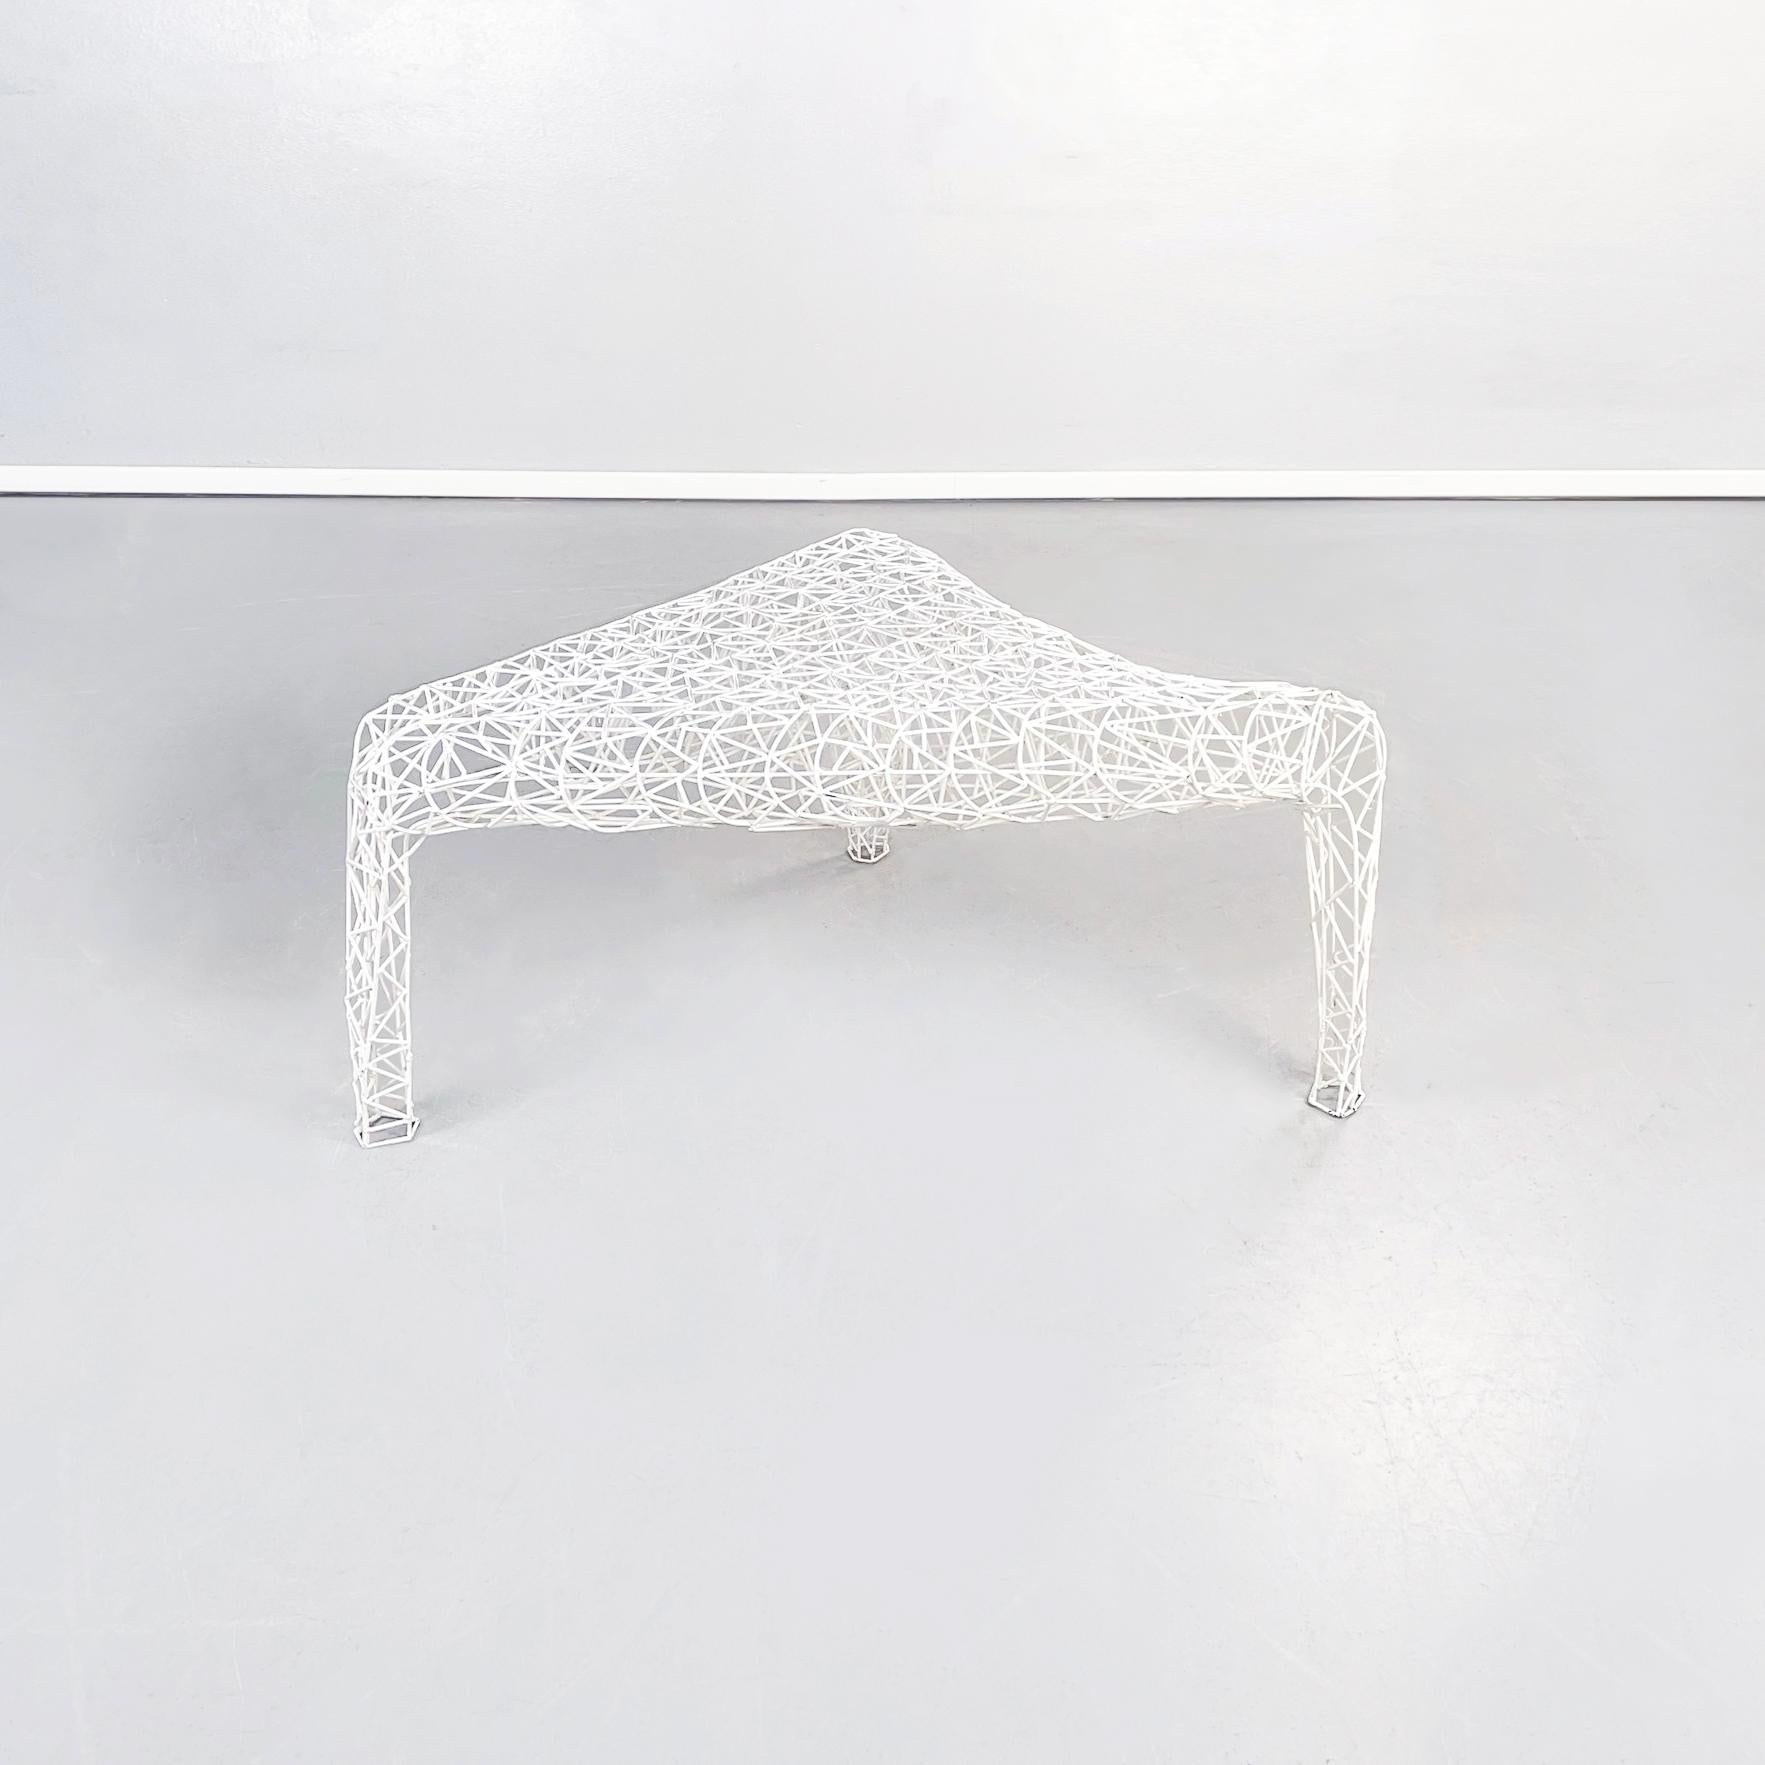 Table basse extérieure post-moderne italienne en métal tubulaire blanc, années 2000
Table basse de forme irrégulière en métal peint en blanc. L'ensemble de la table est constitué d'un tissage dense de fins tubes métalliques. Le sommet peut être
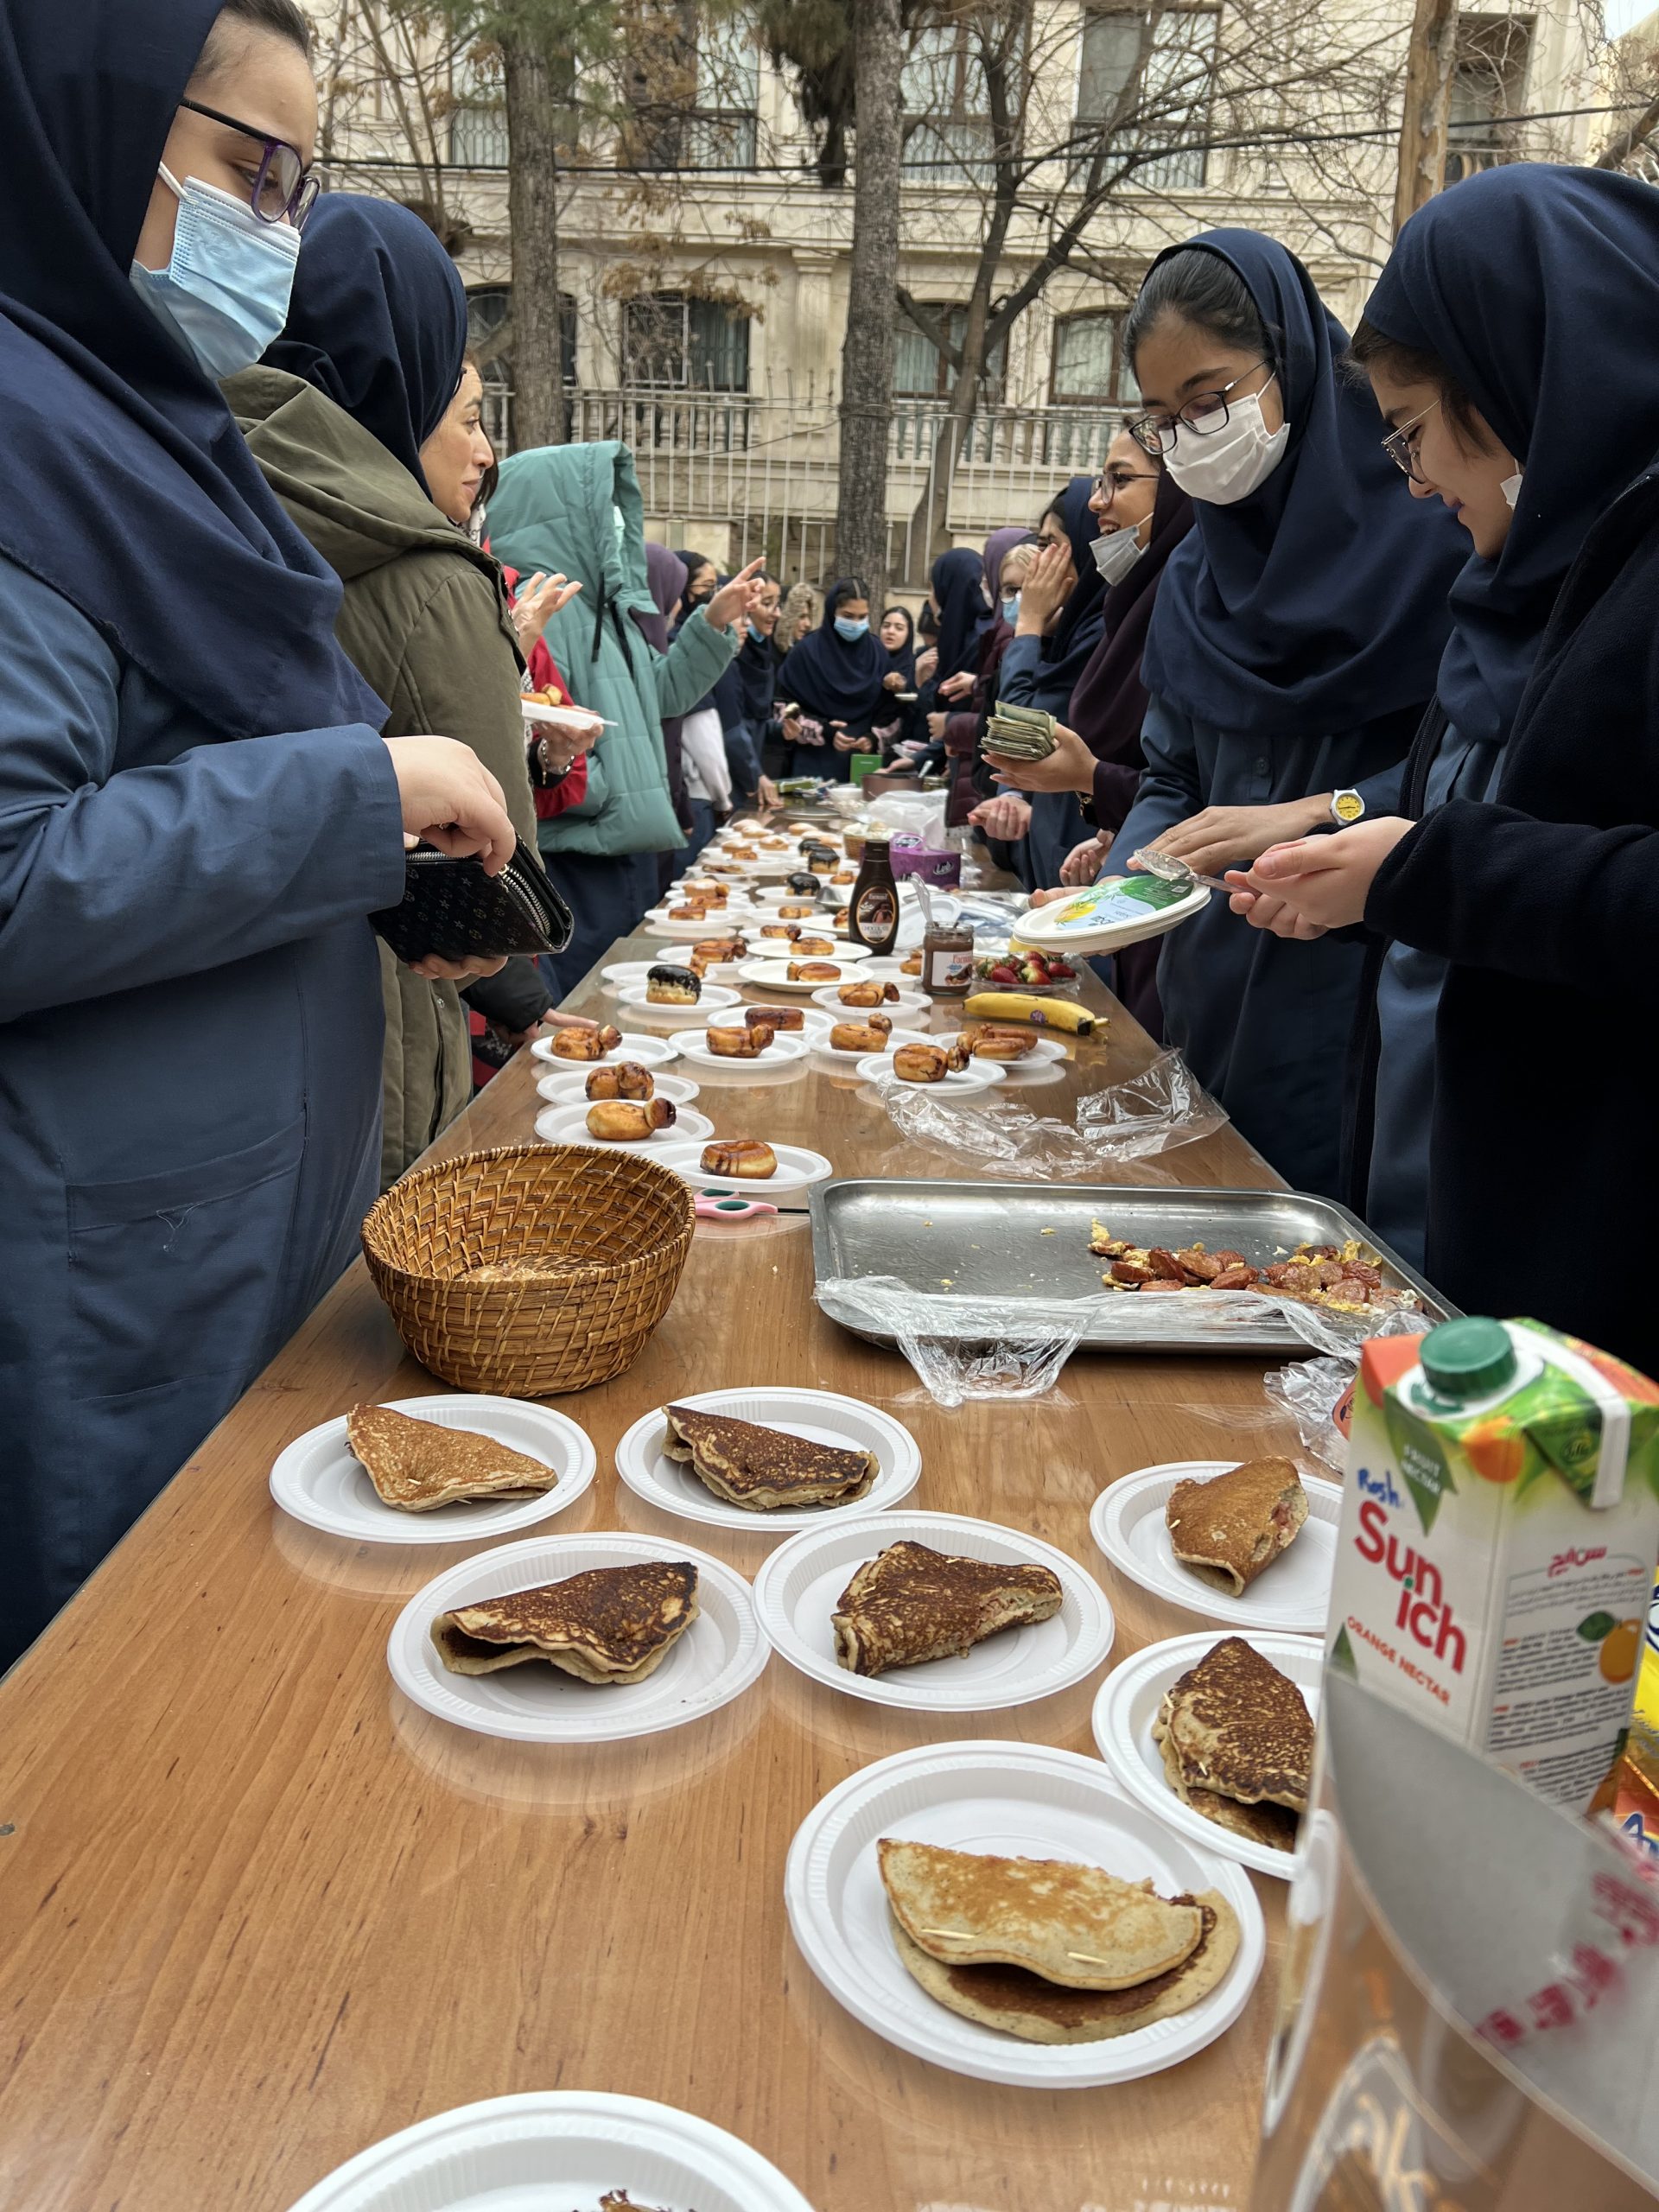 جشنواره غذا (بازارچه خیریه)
******************************
• WORK TO COMPLETE: When you output the listing, reproduce it exactly but drop its pictures.

• REPLY TO THE EXERCISE:
 Table basse extérieure post-moderne italienne en métal tubulaire blanc, années 2000
Table basse de forme irrégulière en métal peint en blanc. L'ensemble de la table est constitué d'un tissage dense de fins tubes métalliques. Le sommet peut être
 جشنواره غذا (بازارچه خیریه)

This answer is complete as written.